특징 : 후입선출 (Last In First Out; LIFO) 자료구조 - 마지막에 들어온 데이터가 먼저 나가는 구조.
함수 콜 스택, 수식 계산, 인터럽트 처리 등, 프로그램의 메모리구조의 stack영역에서 함수 호출시 stack을 사용하며, 지역변수 정보, 매개변수정보, 함수종료 후 복귀주소가 저장된다.
하던 작업을 멈추고, stack call의 일을 우선으로 처리함. 마트에 가던 중 동전이 떨어져있는 것을 발견하면 동접을 줍고서 가던길을 계속간다.
java의 stack은 collections framework의 list interface의 vector subclass로 collection과 list의 method를 갖는다.
기능 : 기본적으로 데이터 추가, 꺼내기, 스택 공간 확인 동작으로 이루어짐
- push(item) : 스택의 맨 위에 요소를 추가하고 추가된 요소를 반환
- pop() : 스택의 맨 위 요소를 제거하고 반환. 스택이 비어 있으면 EmptyStackException 발생
- peek() : 스택의 맨 위 요소를 제거하지 않고 반환. 스택이 비어 있으면 EmptyStackException 발생
- isempty() : 스택이 비어있는지 확인 (true / false)

큐 Queue

특 : 선입선출 (First In First Out; FIFO) 자료구조- 먼저 들어온 데이터가 먼저 나가는 구조
Java에서 Queue는 Interface(추상클래스)로 'java.util.Queue (interface)- java.util.Deque (interface) - ArrayDeque/ LinkedList'의 상속관계를 갖는다. 그러므로 실제활용시에는 LinkedList를 통해서 Queue를 구현한다.
기능
- boolean offer(E e): 큐의 끝에 요소를 추가. 용량을 초과하면 false 반환.
- E poll(): 큐의 앞에서 요소를 제거하고 반환. 큐가 비어 있으면 null 반환.
- E peek(): 큐의 앞 요소를 반환. 큐가 비어 있으면 null 반환.
python의 내장라이브러리 중 deque의 deque.popleft(), appendleft()로 구현가능
- from collection import deque, variable = deque(list)
- deque는 dynamic array를 사용하는 파이썬의 list와는 다르게, double linked list를 사용하여 양끝단에서의 insertion과 deletion에 대한 비용을 줄임.단, pointer 저장을 위한 메모리 사용과 random access가 불가하여 조회에 시간이 오래걸리는 것은 단점임

데크 Deque

양쪽에서 삽입과 삭제가 모두 가능한 자료구조 ( Deque: Doubly-ended Queue ), Stack과 Queue 를 합친 형태
Scroll : 한 쪽의 입력을 제한한 데크, Shelf : 한 쪽의 출력을 제한한 데크
method
- offerFirst(E e) / offerLast(E e): Adds an element at the front/tail of the deque and returns true if successful, or false if the deque is full.
- pollFirst() / pollLast(): Removes and returns the first/tail element of the deque, or returns null if the deque is empty.

Set Interface

Sets maintain a collection of items based on an intrinsic property involving what the items are, usually based on a unique key, x.key
Set Operation Contract
- Find_withkey, Insert_withkey
임의로 배치된 배열 내의 데이터의 탐색은 비용이 많이든다. 그러나 데이터의 값을 인덱스와 내재적으로 유의미한 관계가 있도록 배치하면, 바로 해당 값을 찾을 수 있음. (Hashing기법)
- Direct Access Array의 특이성 : Most operations within a computer only allow for constant logical branching, like if statements in your code.
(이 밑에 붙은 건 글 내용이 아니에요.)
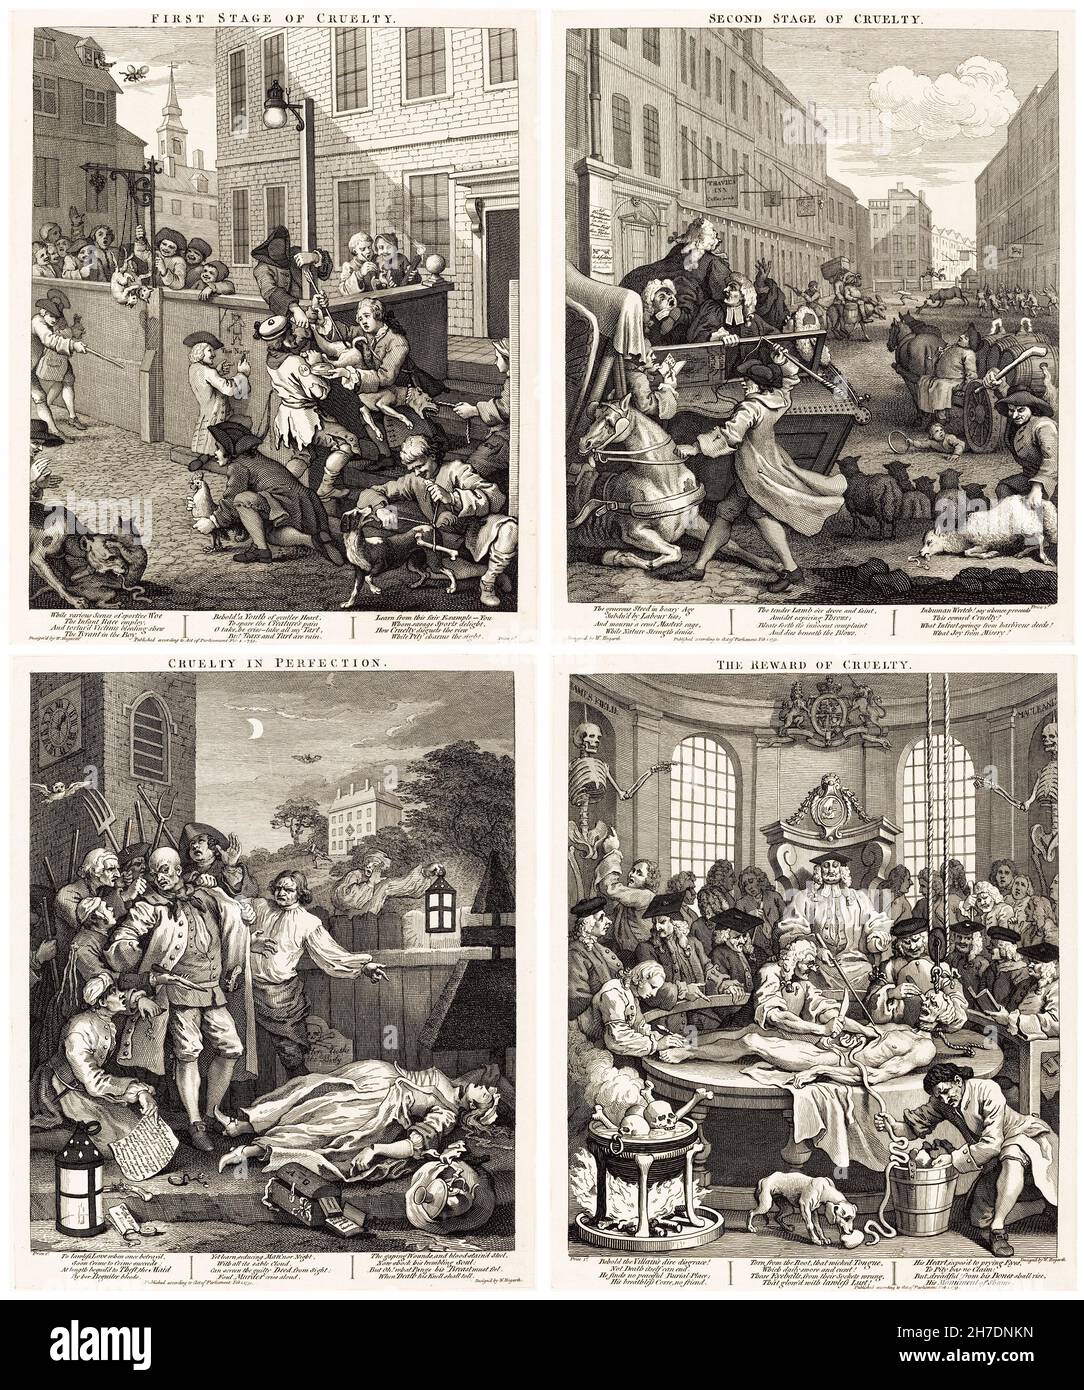 Les quatre étapes de la cruauté, gravure de William Hogarth, 1751 Banque D'Images
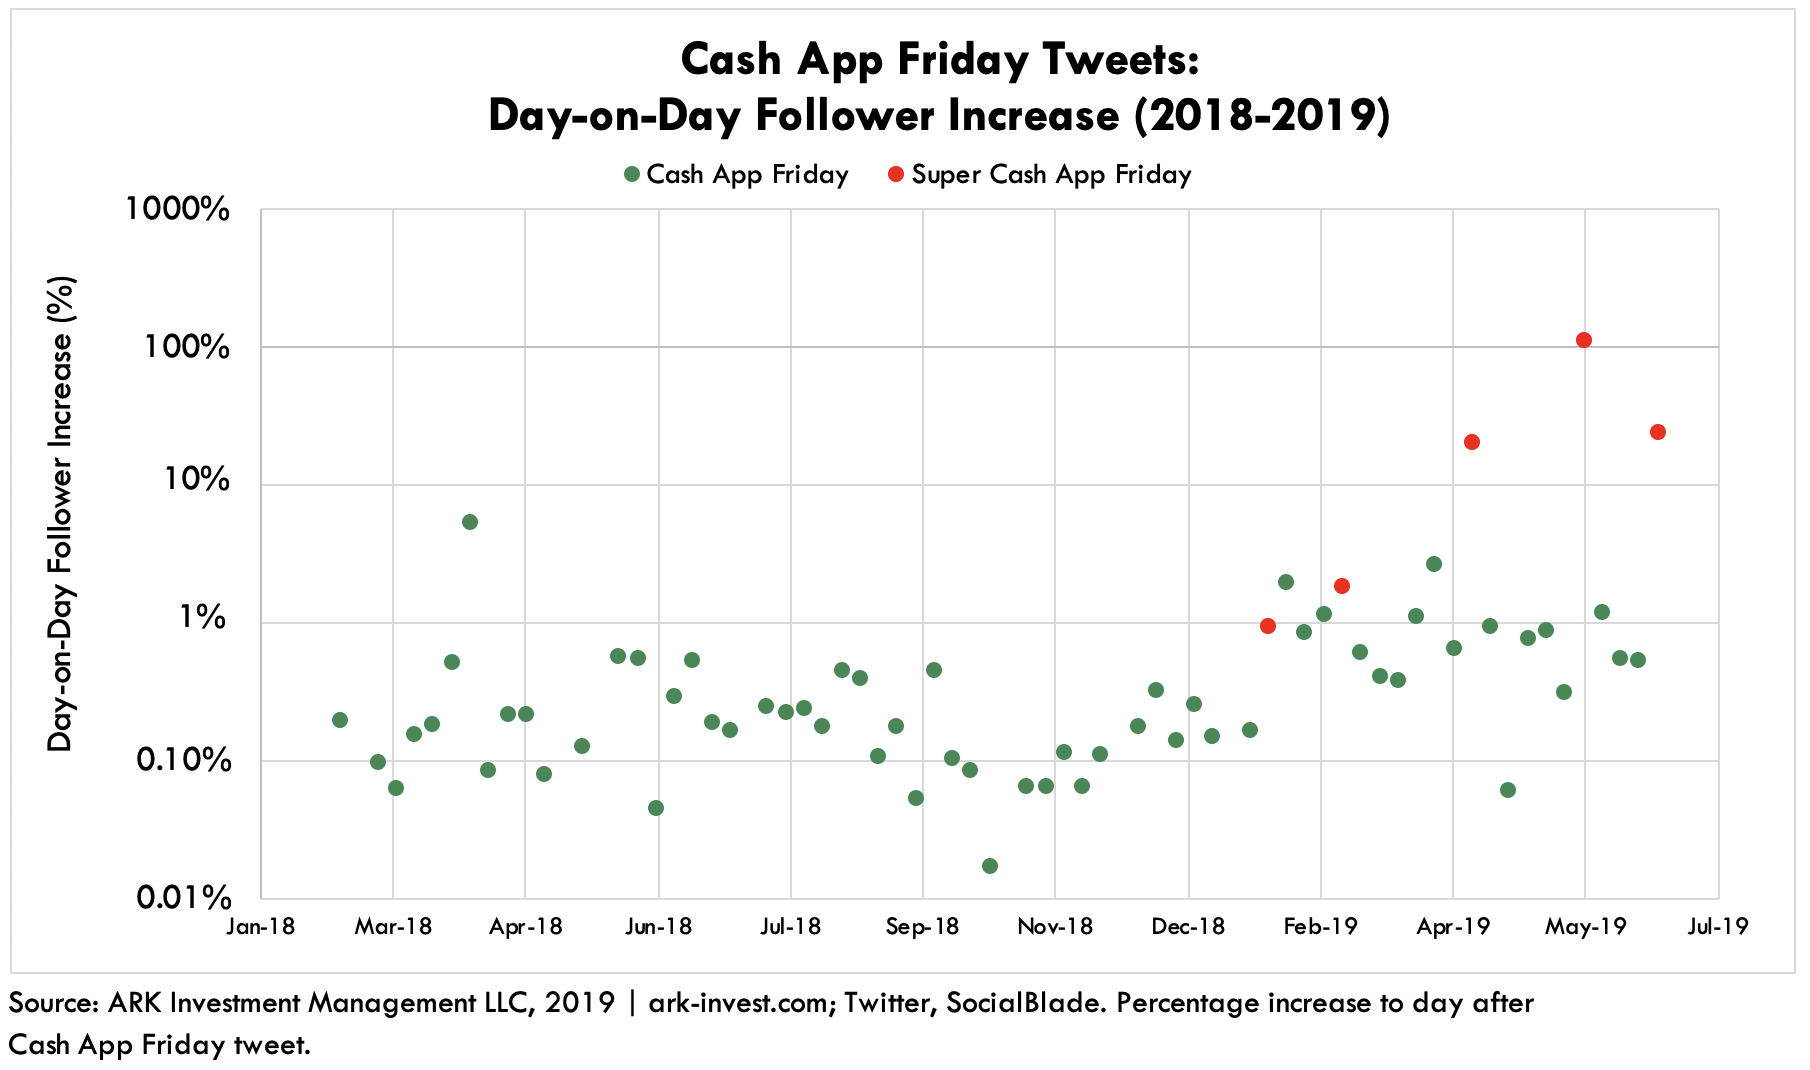 Cash App Twitter Friday Tweets Follower Increase

However, one operation on your computer allows for non-constant branching facto which is a normal static array that associates a semantic meaning with each array index locationDirect Access Arrays : static array that associates a semantic meaning with each array index location

해쉬 테이블

해쉬 함수를 사용하여 키를 해시값으로 매핑하고, 이 해시값을 색인(index)삼아 데이터의 값(value)을 키와 함께 pair로 저장하는 자료구조. 데이터가 저장되는 곳을 슬롯 혹은 버킷이라고 함. 키를 통해서 데이터 값에 빠르게 접근가능함.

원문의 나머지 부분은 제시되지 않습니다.